Agnes Gund’s Art for Justice Fund Just Awarded $22 Million in Grants to Fight Mass Incarceration

Mural Arts Philadelphia was among a small group of arts-based organizations to make the freshman class of grantees.

Agnes Gund and Ford Foundation president Darren Walker at the LDF 31th National Equal Justice Awards Dinner on November 2, 2017. (Photo Dave Kotinsky/Getty Images for NAACP Legal Defense and Educational Fund, Inc.

Two giant murals by street artist Shepard Fairey loom over the streets of Philadelphia’s Center City: One features James Anderson, a former Los Angeles gang member who now works to keep others out of prison; the other depicts Amira Mohamed, a formerly incarcerated architecture student.

Commissioned by Mural Arts Philadelphia, the works are part of a project designed to give a face, literally, to the phenomenon of mass incarceration in the United States. Now, they are also a big reason why the nonprofit has garnered one of the first grants awarded by Agnes Gund‘s newly established Art for Justice Fund.

On Wednesday, the fund—founded this summer by the arts patron to support criminal-justice reform—disbursed $22 million in grants to 30 organizations, with awards ranging from $100,000 to $7.5 million. Mural Arts, the main visual-arts organization in this first round of grantees, won a $200,000 award for its ongoing efforts to shed light on the problem of mass incarceration.

Gund established the Art for Justice Fund with proceeds from the sale of Roy Lichtenstein’s Masterpiece (1962), which she sold to billionaire collector Steve Cohen for $165 million. She put $100 million aside to establish the fund, managed by the Ford Foundation.

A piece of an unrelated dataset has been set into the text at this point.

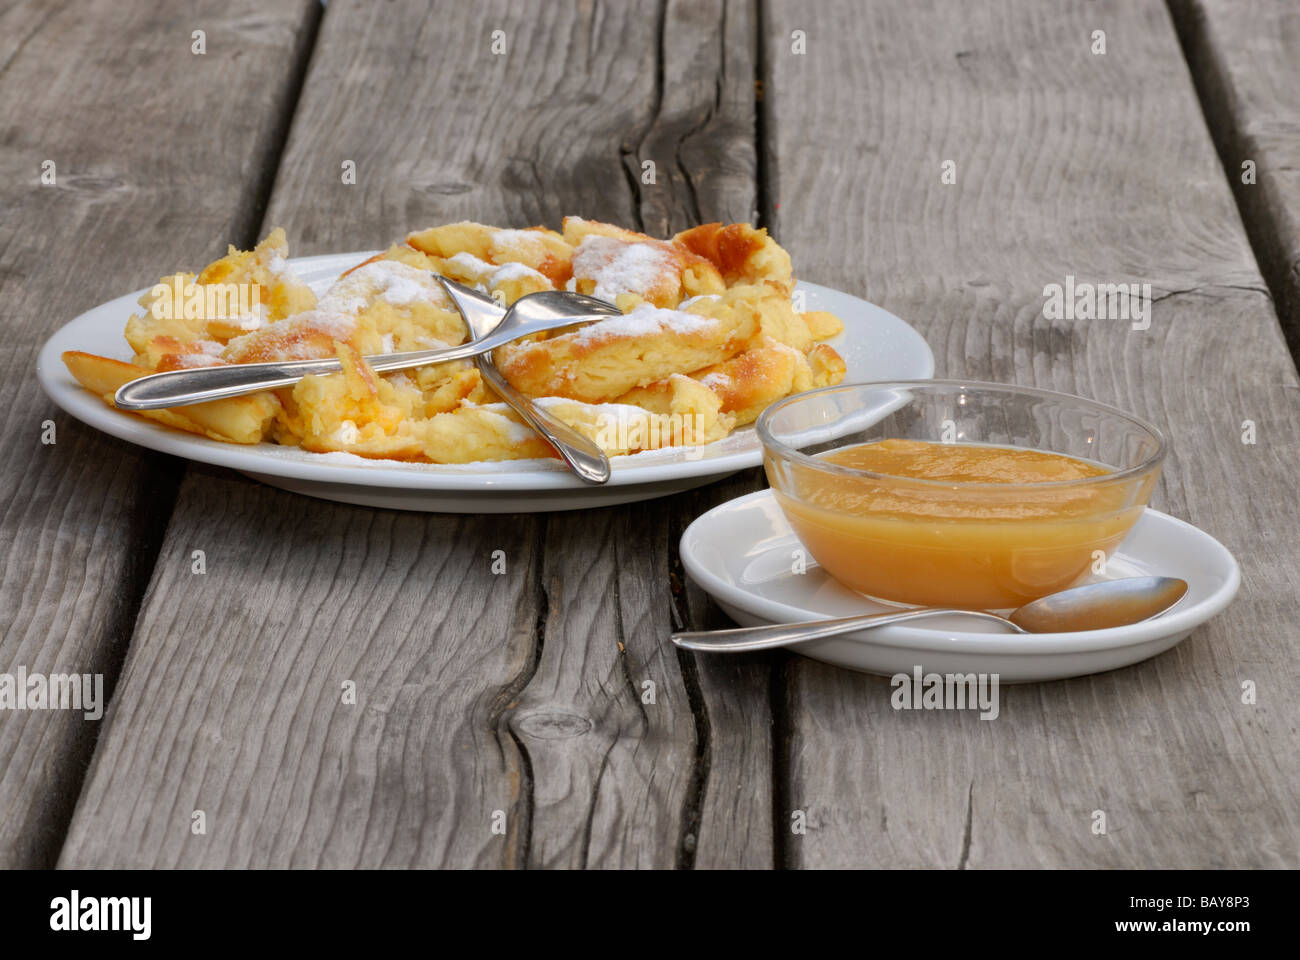 one portion of cut-up and sugared pancake with apple sauce on wooden table, alpine hut Sulzenaualm, Sulzaualm, Stubaier Alpen ra Stock Photo
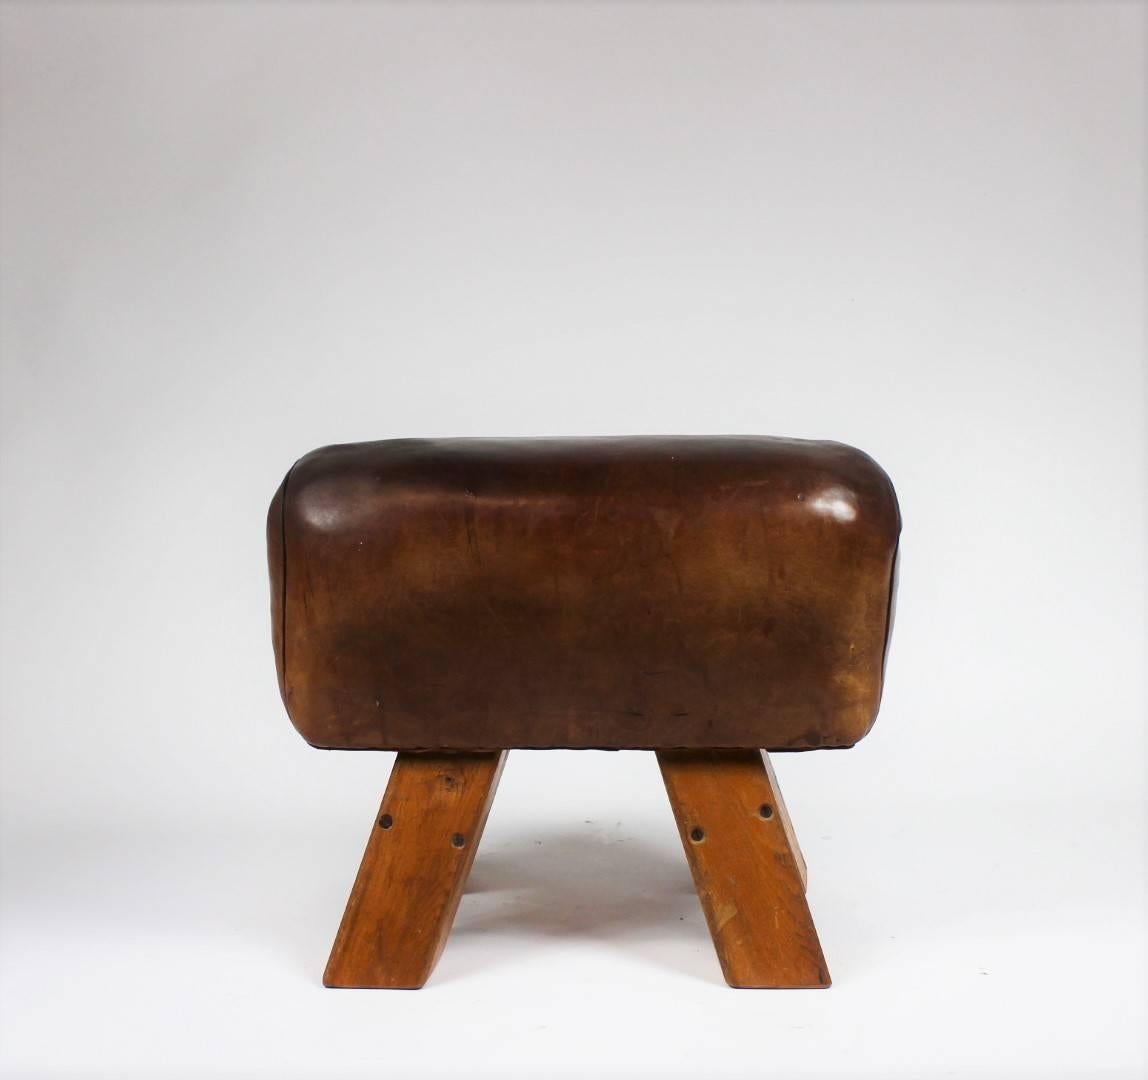 Leather gym seat from the 1950s. It is in its original condition, nice patina.

The issue of mass incarceration—and its disproportionate impact on people of color—has come to the fore in recent years amid a rising national conversation about the country’s criminal justice system. A small sample of the damning statistics illustrates why: America accounts for some 25 percent of those incarcerated worldwide; it spends a whopping $80 billion on corrections annually; and it jails black children (minors under 18) at a rate five times higher than it does white children.

A mural by Shepard Fairey in Philadelphia, a project of Mural Arts Philadelphia. Courtesy Mural Arts.

A mural by Shepard Fairey in Philadelphia, a project of Mural Arts Philadelphia. Courtesy Mural Arts.

The grants are part of the organization’s overarching plan to decrease the number of people incarcerated in the United States. In a conference call on Wednesday, the fund announced its ambitious goal of reducing the prison population by as much as 20 percent in five targeted states.

Most of the grants will go to either to nonprofits working to address specific problems in the criminal justice system like America’s bail system, which many argue discriminates against the poor, or to literary and theatrical programs.

In addition to Mural Arts, other arts-based organizations to receive awards this year include Art 180, Rehabilitation Through the Arts, and Arts for Incarcerated Youth Project. In 2018, the Rockefeller Philanthropy Advisors, which is organizing the Fund and distributing grants, says it hopes to include even more visual arts organizations. (The full freshman class is listed on the fund’s website.)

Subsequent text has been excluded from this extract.